哈利回到窗前,低頭看著公園。夜晚來得越來越早了;白晝離開後,夜晚的降臨似乎是摸得到的。他想起他跟費列森的母親說,費列森晚上會去替非裔妓女義診,那是費列森太太第一次脫下面具——並非出自悲痛,而是出自憤怒——她尖叫說哈利說謊,她兒子絕不會跑去治療黑鬼妓女。也許還是說謊比較好。哈利想起昨天他跟總警司說屠殺可能暫時停止。黑暗慢慢聚攏在他周圍,只有窗外景物依稀看得見。幼兒園的小朋友常在這座公園裡玩耍,尤其是下雪的時候,而昨晚就下了雪。至少今天早上他來上班時,覺得自己應該沒有眼花才對,因為他看見公園裡佇立著一個灰白色的大雪人。
自由雜誌社位於阿克爾港一棟大樓,大樓頂樓可以眺望奧斯陸峽灣、阿克修斯堡壘和奈索坦根村,頂樓佔地兩百三十平方米,是全奧斯陸單價最高的私人豪宅。這套豪宅的主人是《自由雜誌》發行人兼總編輯亞菲·史德普,或只要稱呼他亞菲就好了,因為哈利按門鈴時看見名牌上是這樣寫的。樓梯和樓梯間走機能性極簡風,橡木大門兩旁各擺了一個手繪瓷壺。哈利心想:如果抱走一個不知道可以賣多少錢?
他按了兩次門鈴,終於聽見門內傳出說話聲,其中一個聲音嘰嘰喳喳、活潑開朗,另一個深沉而冷靜。門開啟,銀鈴般的女子笑聲流瀉而出。她頭戴白色毛皮帽——哈利猜想應該是人造毛皮——帽子下方是金色長髮。
「我很期待囉!」她說,轉過身來,正好和哈利面對面。
「哈囉,」她說,語調平板,過了片刻,她認出哈利,立刻熱情地說:「呃,嗨!」
「嗨。」哈利說。
「你好嗎?」她問道,哈利見她記起了上次他們的對話結束在萊昂旅館的黑色牆壁上。
「你認識歐妲?」史德普說,他雙臂交抱站在玄關,打著赤足,身穿t恤,上頭隱約可見路易·威登標誌,下半身的綠色亞麻長褲倘若換作別的男人來穿,肯定娘味十足。
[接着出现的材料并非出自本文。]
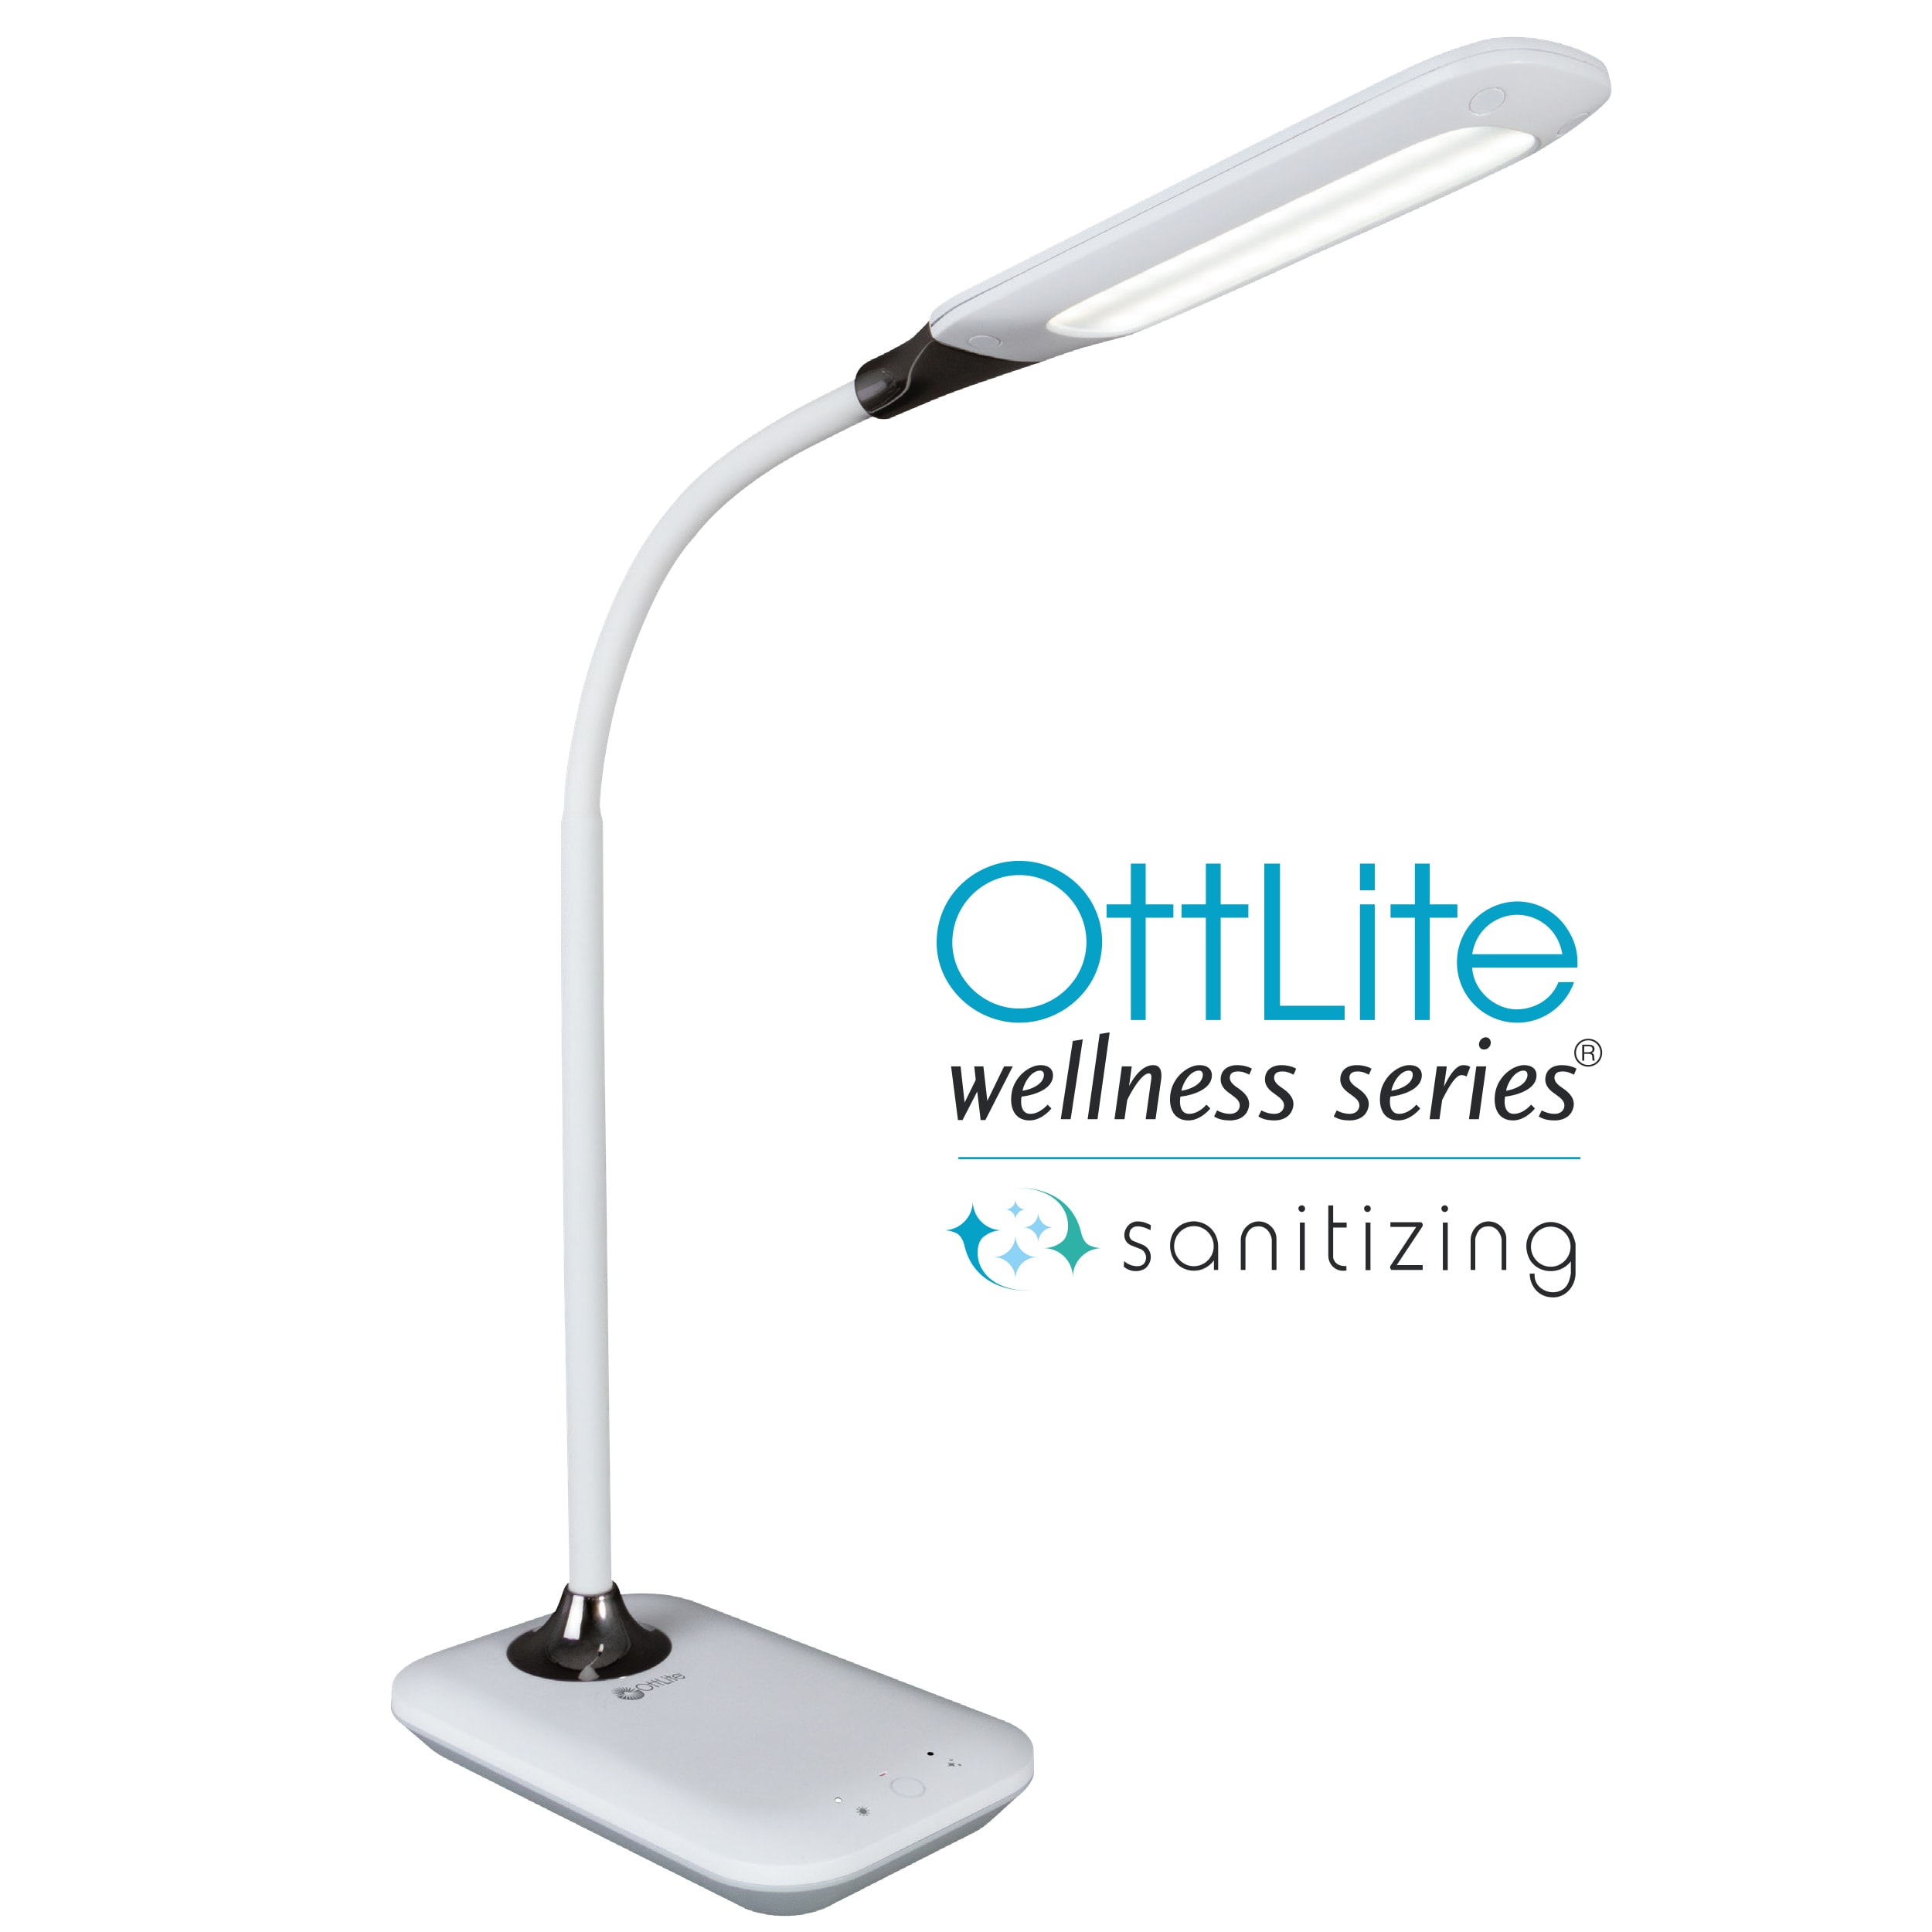 OttLite - Contact Us
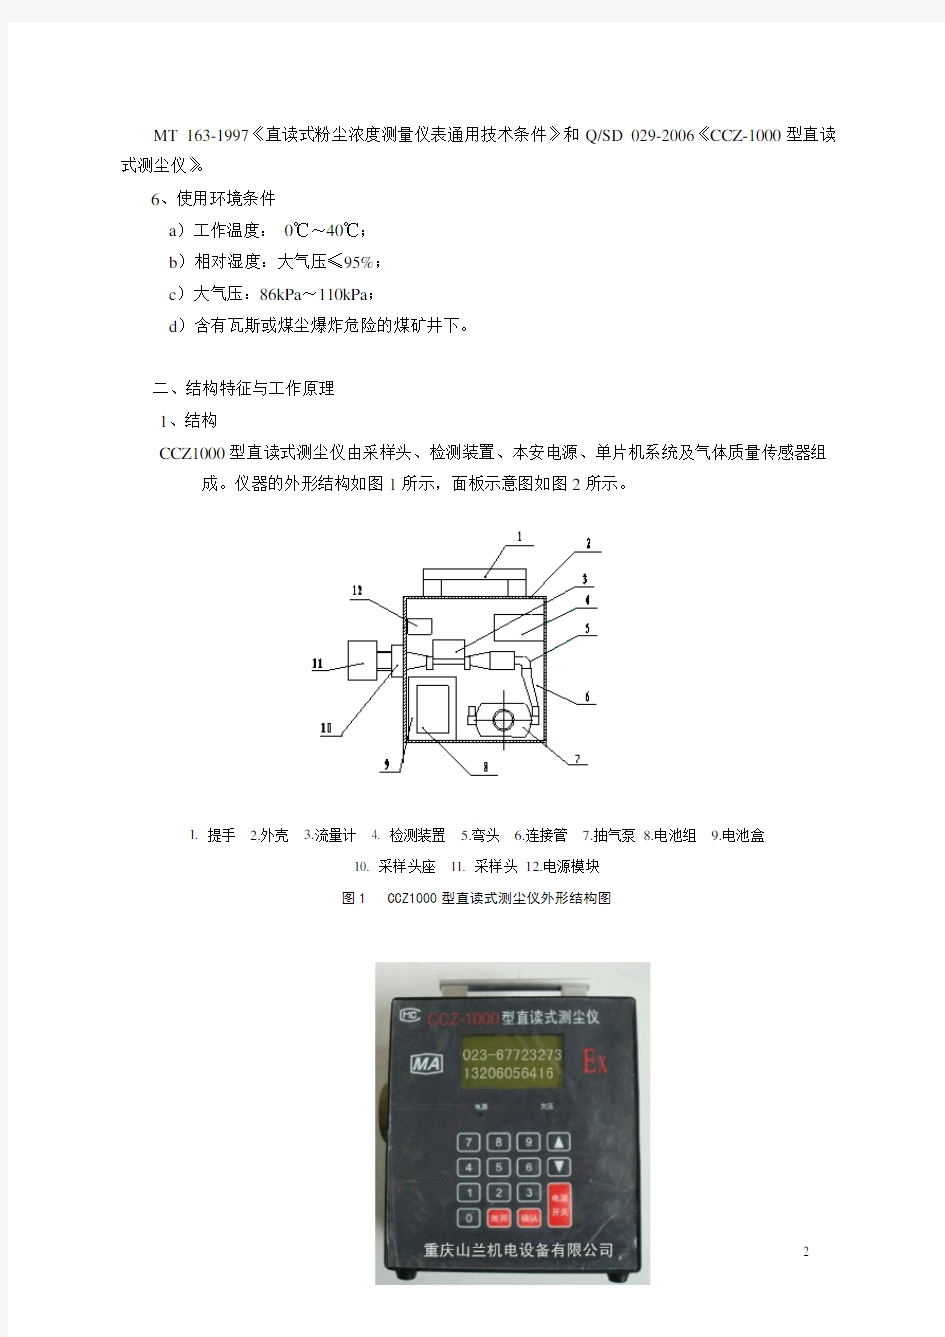 CCGZ-1000直读式测尘仪使用说明书

他的身高和哈利相仿,個頭差不多魁梧,一張臉有著美國總統候選人夢寐以求的輪廓:堅毅的下巴,男孩般的藍色眼眸,眼角帶有笑紋,一頭白髮相當濃密。
「我們只是打個招呼,」哈利說,「我上過一次他們的脫口秀。」
「兩位,我得走了。」歐妲說,邊走邊丟了個飛吻,腳步聲沿著樓梯噔噔噔一路響了下去,彷彿逃命似的。
「對,她來找我也是為了那該死的節目,」史德普說著,請哈利進屋,握住哈利的手,「我的表現癖已經可悲得無以復加,這次我連主題是什麼都沒問就答應去上節目。歐妲是為了節目內容先來對稿的,呃,你上過節目,知道是怎麼回事。」
「他們只是打電話給我而已。」哈利說,跟史德普握過的那隻手餘熱未散。
「你在電話裡的語氣聽起來很嚴肅,霍勒警監,我這個卑劣的新聞人能幫上什麼忙嗎?」
「這件事跟你的醫生兼冰壺同好伊達·費列森有關。」
「啊哈!當然當然,請進來吧。」
哈利扭動雙腳脫下靴子,跟著史德普穿過走廊,走進客廳。客廳比屋內其他地方低了兩個臺階。進了客廳,只消看上一眼就知道費列森那家診所的候診室裝潢靈感是從哪裡來的,只見窗外的奧斯陸峽灣在月光照耀下波光粼粼。
「你是不是在進行‘由因及果’的調查?」史德普說,啪嗒一聲坐在一張塑膠模型椅上,那是客廳裡最小的一件傢俱。
「你的意思是?」哈利說著,在沙發上坐下。
「就是從結果開始反推回去,找尋原因。」
「‘由因及果’是這個意思嗎?」
「天知道,我只是喜歡這個名詞而已。」
「嗯,你對我們發現的結果有什麼看法?你相信嗎?」
「我?」史德普大笑,「我什麼都不相信,不過這是我的職業病,只要某件事開始接近既定真相,我的工作就是提出反對意見,這就是自由主義。」
「那這件案子呢?」
「呃,我看不出費列森有任何合理的殺人動機,或者瘋狂到可以公然蔑視標準定義。」
「所以你不認為費列森是殺人兇手?」
「反對世界是圓的並不代表相信世界是平的,我想你手上應該握有證據吧——需要酒類飲料嗎?咖啡?」
「咖啡,麻煩你。」
「我是逗你的,」史德普微笑道,「我這裡只有水和葡萄酒,不對,我說錯了,我還有一些阿貝迪恩農場生產的甜蘋果酒,不管你願不願意都得嘗一嘗。」
史德普快步走進廚房,哈利站起來觀察四周環境。
「你這間房子很漂亮,史德普。」
「這是三間房子打通的,」史德普在廚房喊說,「第一間屬於一個事業成功的船東,他因為窮極無聊而上吊自殺,大概就在你現在坐的地方。第二間是我現在站的這裡,原本屬於一個證券經紀人,他因為內線交易而鋃鐺入獄,卻在監獄裡得到心靈解脫,把這間房子賣給我,錢都捐給了奉行內在使命運動的牧師。
不過這應該也算是某種內線交易,你懂我的意思吧?我聽說這個人現在快樂多了,所以有何不可?」
史德普走進客廳,手中拿著兩個杯子,裡頭是淡黃色液體。他遞了一杯給哈利。
「第三間房子原本屬於厄斯坦修區的一個水電工,他們在計劃建造阿克爾港區的時候,他就下定決心將來要住這裡,我猜那應該代表他想爬上社會頂層吧。後來他進出黑市外加索取超額工資,攢錢攢了十年,終於買下這間房子。可是他幾乎花光了所有的錢,所以沒錢請搬家公司,只好找來幾個朋友自己搬家。他有個保險箱重達四百公斤,我猜應該是用來裝那些從黑市賺來的錢。就在他們快到最後一個樓梯間、只剩下十八級臺階的時候,那個可怕的保險箱突然滑動,把水電工給拖了下去。他摔斷背脊,全身癱瘓,現在住在老家附近的療養院,看著厄斯登士凡湖的風景。」史德普站在窗邊,喝著杯中的酒,若有所思地眺望奧斯陸峽灣,「雖然只是一座湖,但也算得上是景觀。」